Overall, Wells was impressed by the food at Cagen, a sushi spot from former Nobu chef Toshio Tomita that has been open since last summer.
“[Tomita’s] ingredients, especially the fish he brings in from Japan, are often exceptional,” he wrote. “Three broiled fillets of ayu, a Japanese trout, wore nothing but their shimmering skins, the better to show off their delicate freshwater taste.”
“Then there were two little flavor bombs of grape tomato halves barely cooked in white wine and yuzu. Were they pickles or candied fruit, or both? Either way, I wanted more.”

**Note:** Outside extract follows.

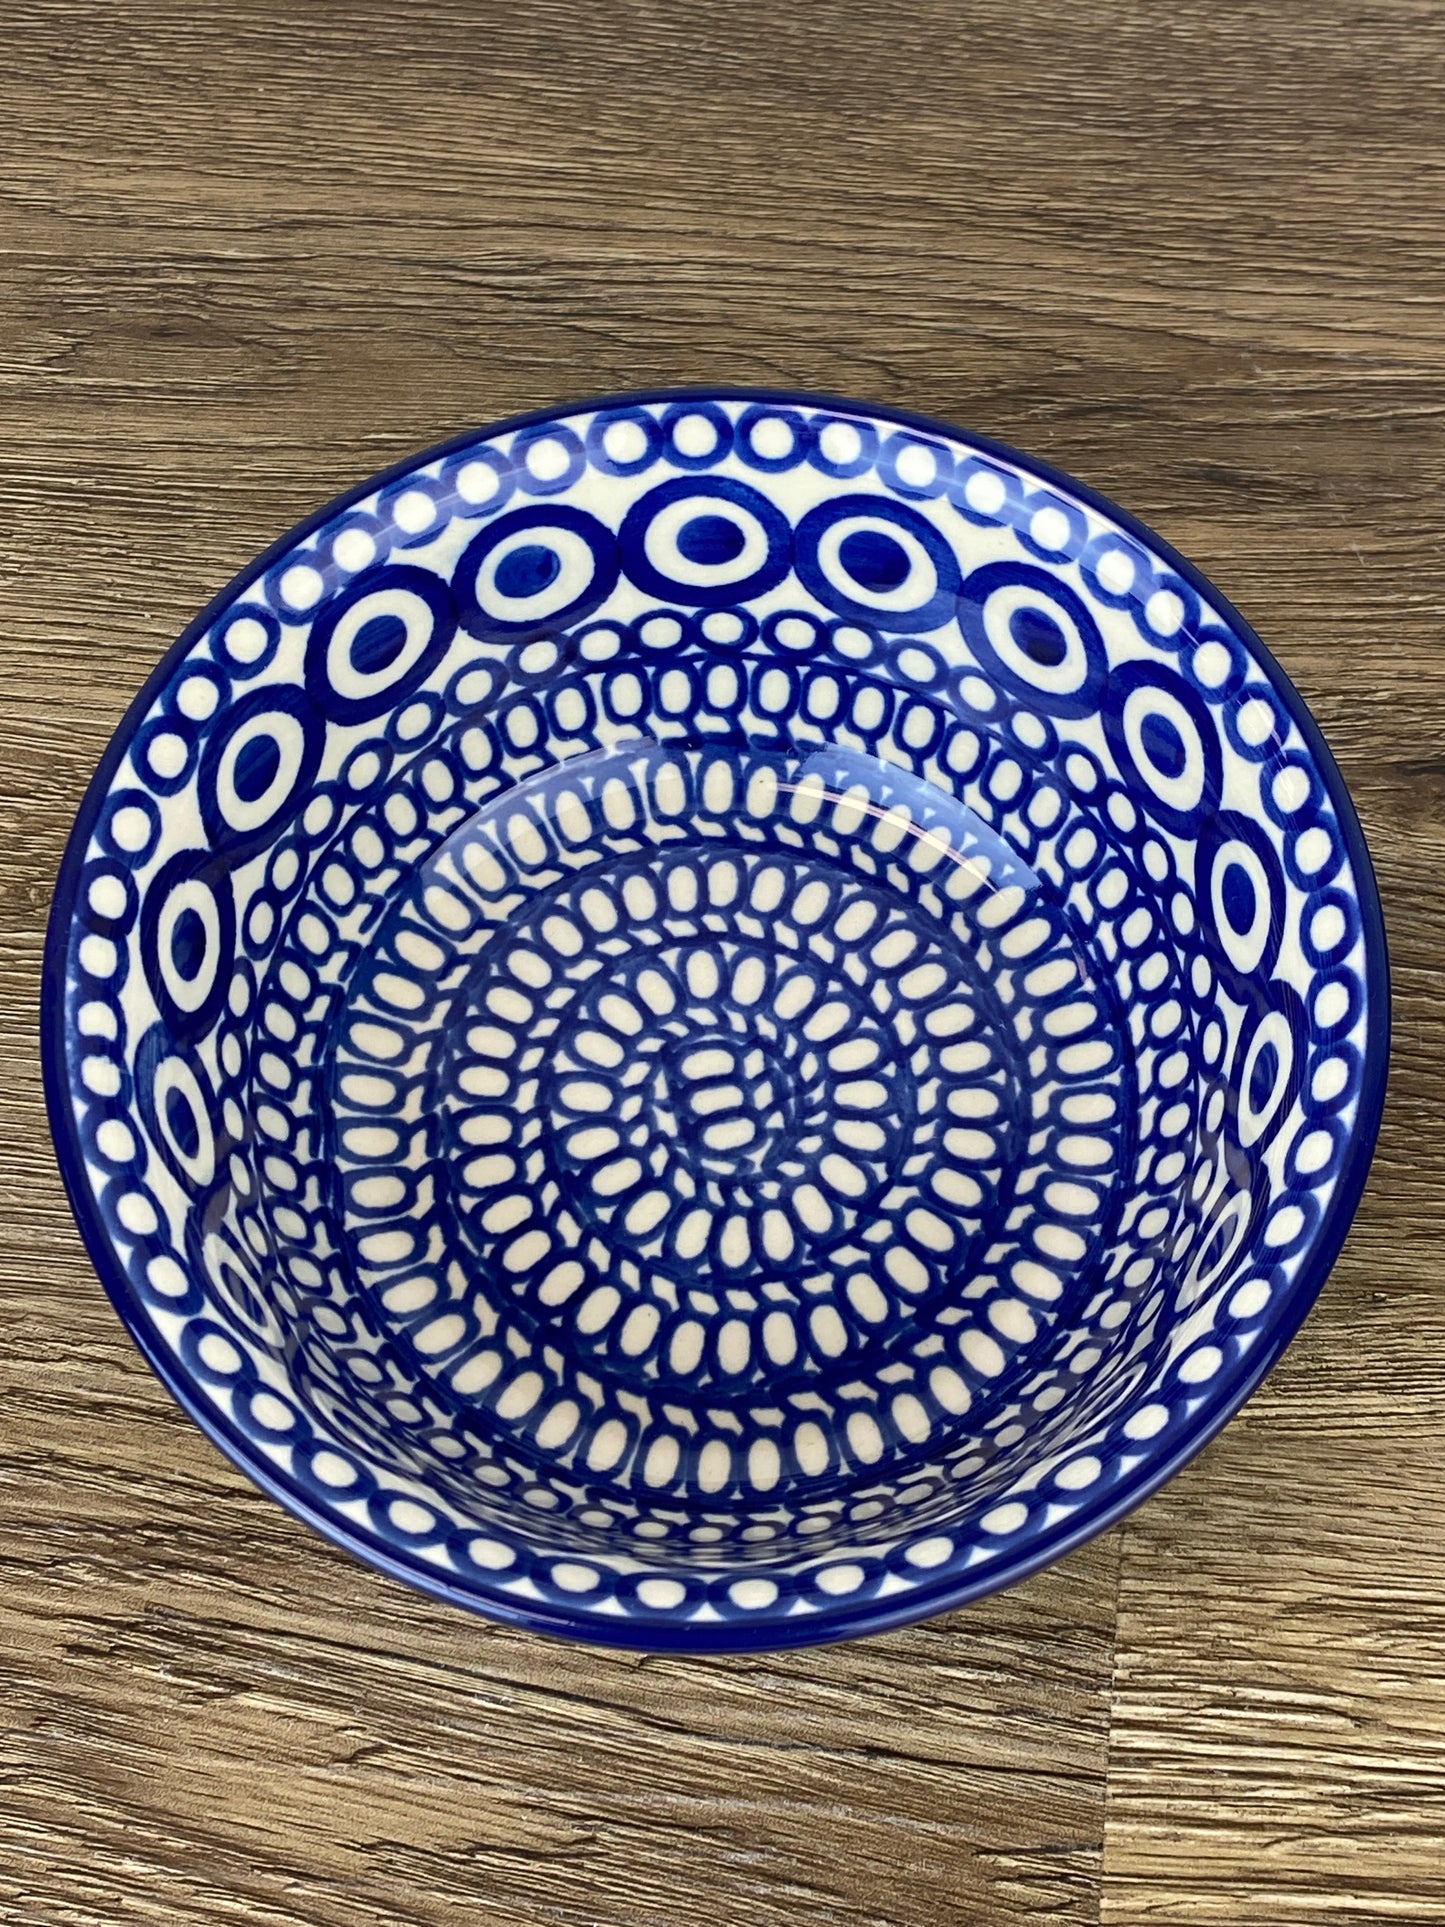 SALE Cereal Bowl - Shape 209 - Pattern 13

Wells found the atmosphere underwhelming, writing “time has not brightened the interior’s subterranean charms, which could use a fresh coat of good cheer.”
However, he concluded that if you have the cash and room in your schedule, a trip to Cagen is a worthwhile endeavor.
“It’s a question of budget and time,” he wrote “but the big splurge shows off all the things Cagen does very well.”
He was similarly impressed by the food at the Altamarea Group’s Ristorante Morini, which opened in December. Of chef Gordon Finn’s dishes, he wrote:
“You should get an excellent meal if you stick to the cured and raw crudi, like the wonderful bay scallops with bits of pink grapefruit and dots of pistachio purée.”
However, he was equally turned off by the Ristorante Morini’s interior. Wells wrote “Inside Ristorante Morini’s split-level space, the chandeliers look like grotesque experiments in stretched skin,” and concluded that due to the prevalence of similar restaurants in the area, Morini “hasn’t bestirred itself to become a unique destination.”